Perhaps they don't have enough information to make their decision, and they know it -- that's fine, they pass on a summary of what they received with a note saying "more information of this sort is needed to make a final decision here" -- in mechanistic terms inside an LLM, they'll emit a context vector that at the next round of attention will produce a query vector that will match up with the kind of other information that is needed.

With this metaphor, the answer to the question of how the "final decision maker" can get things right boils down nicely: the previous workers who've been handling this case (the FFNs in the previous layers) have summarised things, and the final decision maker doesn't need to know all of the details.

That sorta-kinda works, but I'm working through getting planning permission for some building works on my home right now and not feeling that well-disposed towards bureaucracies.⁴ Is there something more market-oriented?

Attempt 2: maybe Hayek? (Not the actor)

Market enthusiasts don't tend to think that business people are geniuses (if we ignore Ayn Rand) -- they're normal humans reacting to price signals that the market generates.
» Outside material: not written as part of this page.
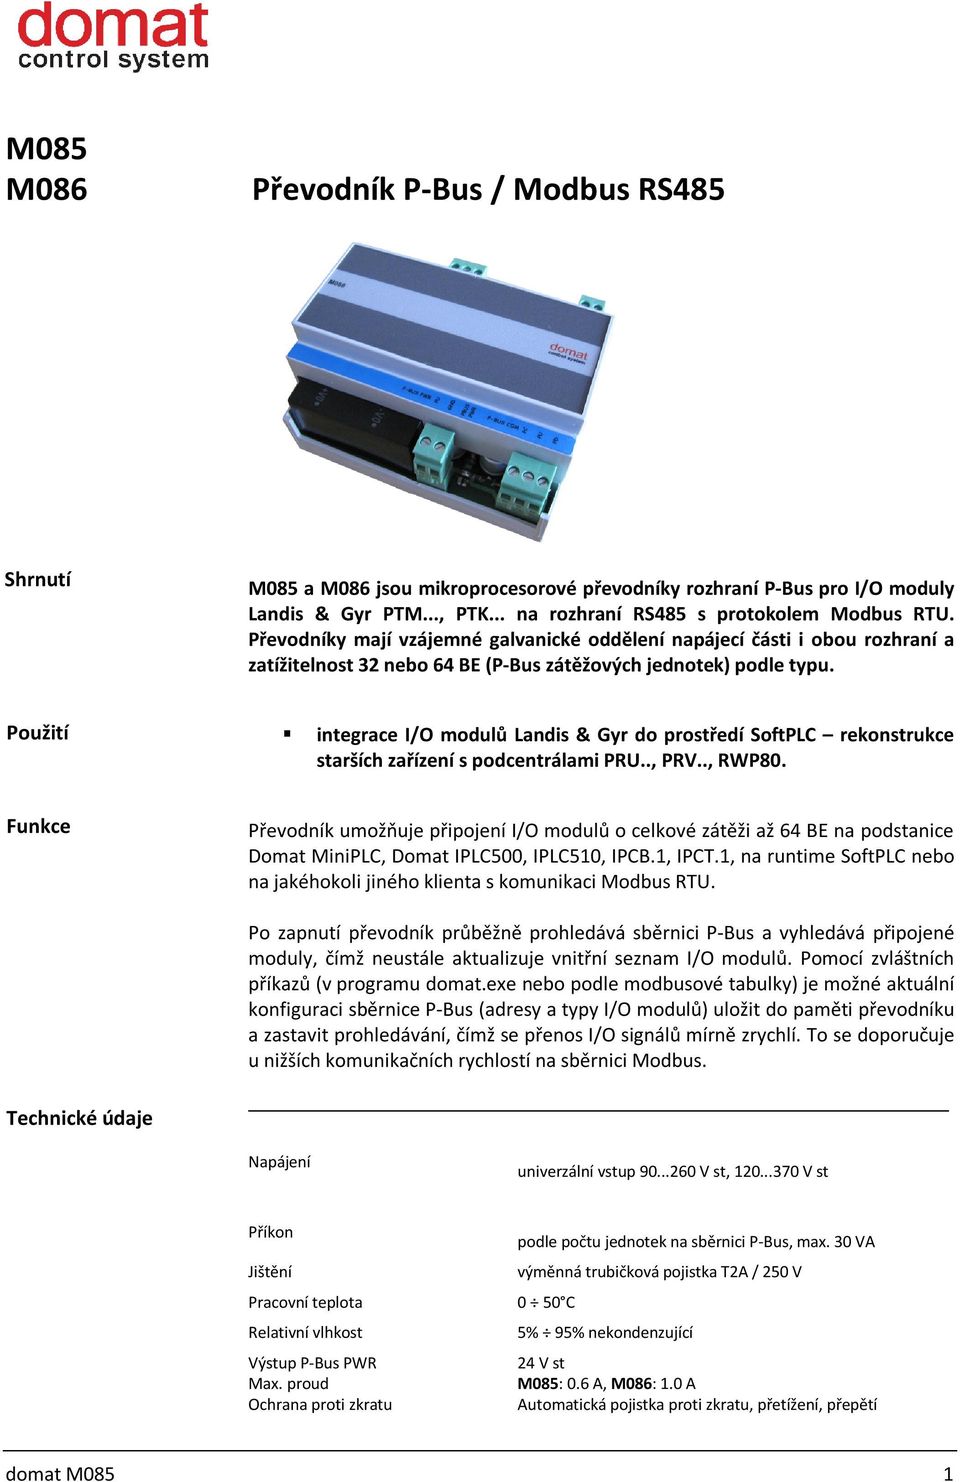 Použití integrace I/O modulů Landis & Gyr do prostředí SoftPLC rekonstrukce starších zařízení s podcentrálami PRU.., PRV.., RWP80.
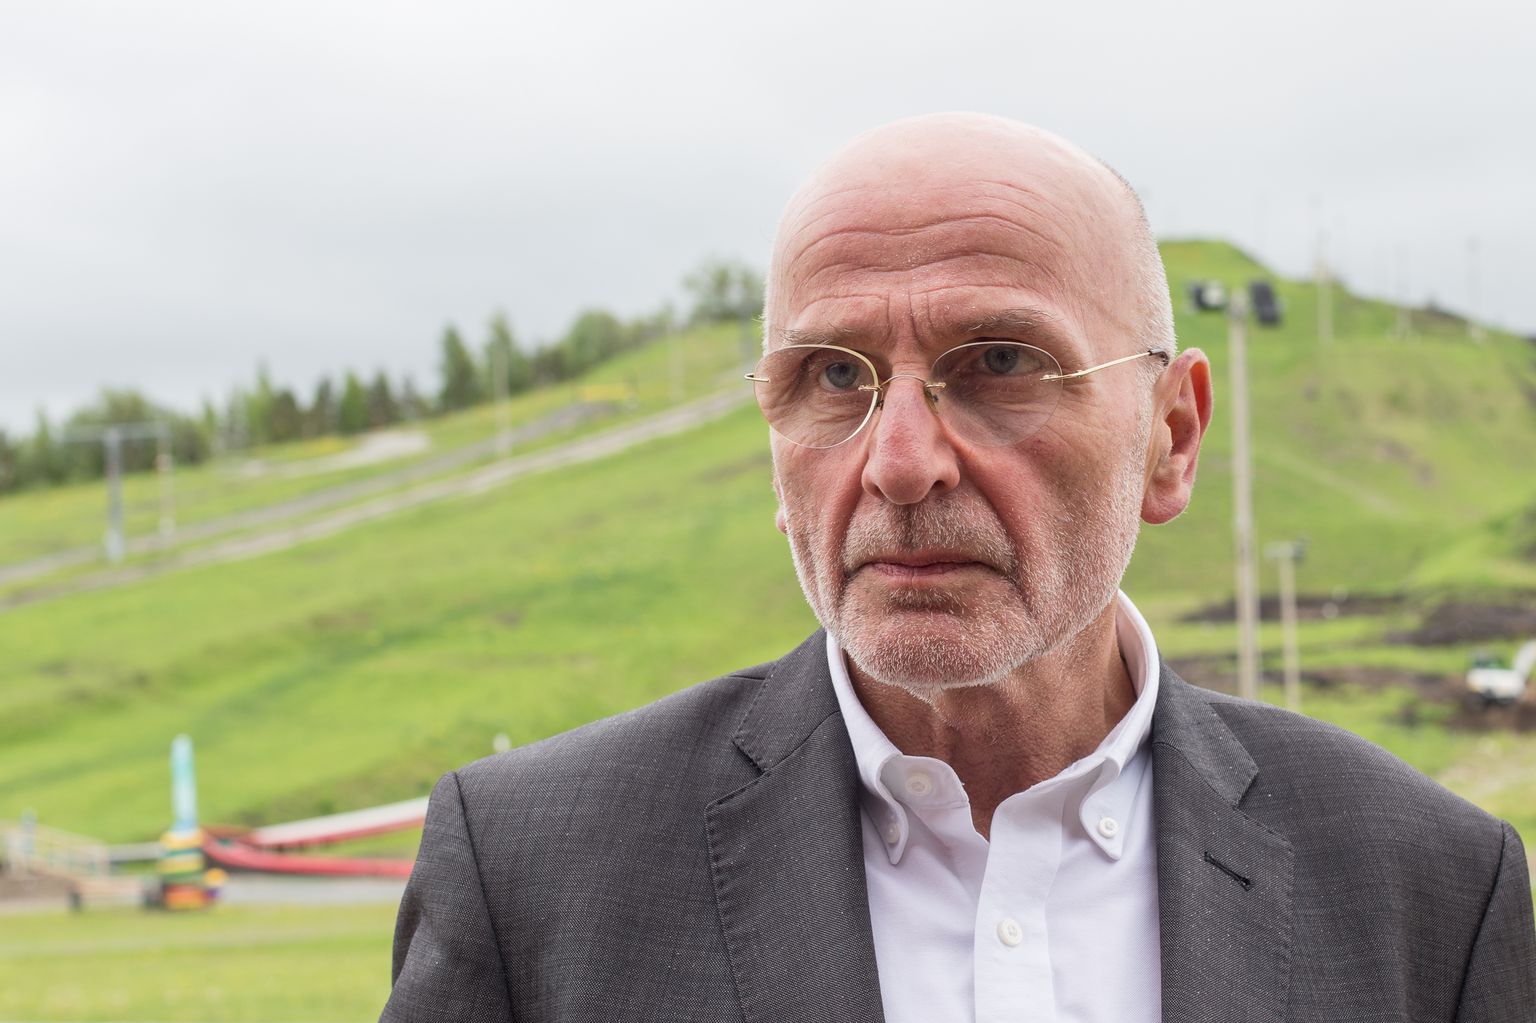 Saksamaal söekaevanduste sulgemist juhtinud Andreas Piwek ütles, et kui Eesti soovib põlevkivi kasutamisest loobuda, tuleks saada ühte paati kõik huvirühmad.

They receive a limited amount of information about the world, see an opportunity to make money, and with their normal human intelligence manage to succeed in that -- or to fail in it, thus providing more information for the next entrepreneur to come along.

So in this model, the decision to buy "mat" as the next token made by the FFN that is processing the last token in "the fat cat sat on the" is made based on the prices of the different possible tokens, which is a fixed amount of information coming from the other FFNs manufacturing the inputs to make those tokens.

Hmm. In my mind, I rather like that metaphor, but written out like that it doesn't seem quite so clear. Maybe I'm just not expressing it well, or maybe I just like it because of my politics ;-)

Still not quite there

Either way, neither of those metaphors fits well for me right now. Perhaps I've not found the right metaphor -- or perhaps the problem is with the models of how LLMs work that I'm building on.

Hopefully as I learn more about the field, and get to a solid soup-to-nuts understanding of how LLMs work -- or perhaps later -- I'll be able to work out which, and revisit it.

But for now, that's where I am -- it feels like there's a problem with LLMs where the information going in to work out the next token is still constrained by a fixed-length bottleneck. I'm sure that no such problem exists, so that points to a gap in my understanding I need to address.

If and when I come to a solution, I'll link to it from here.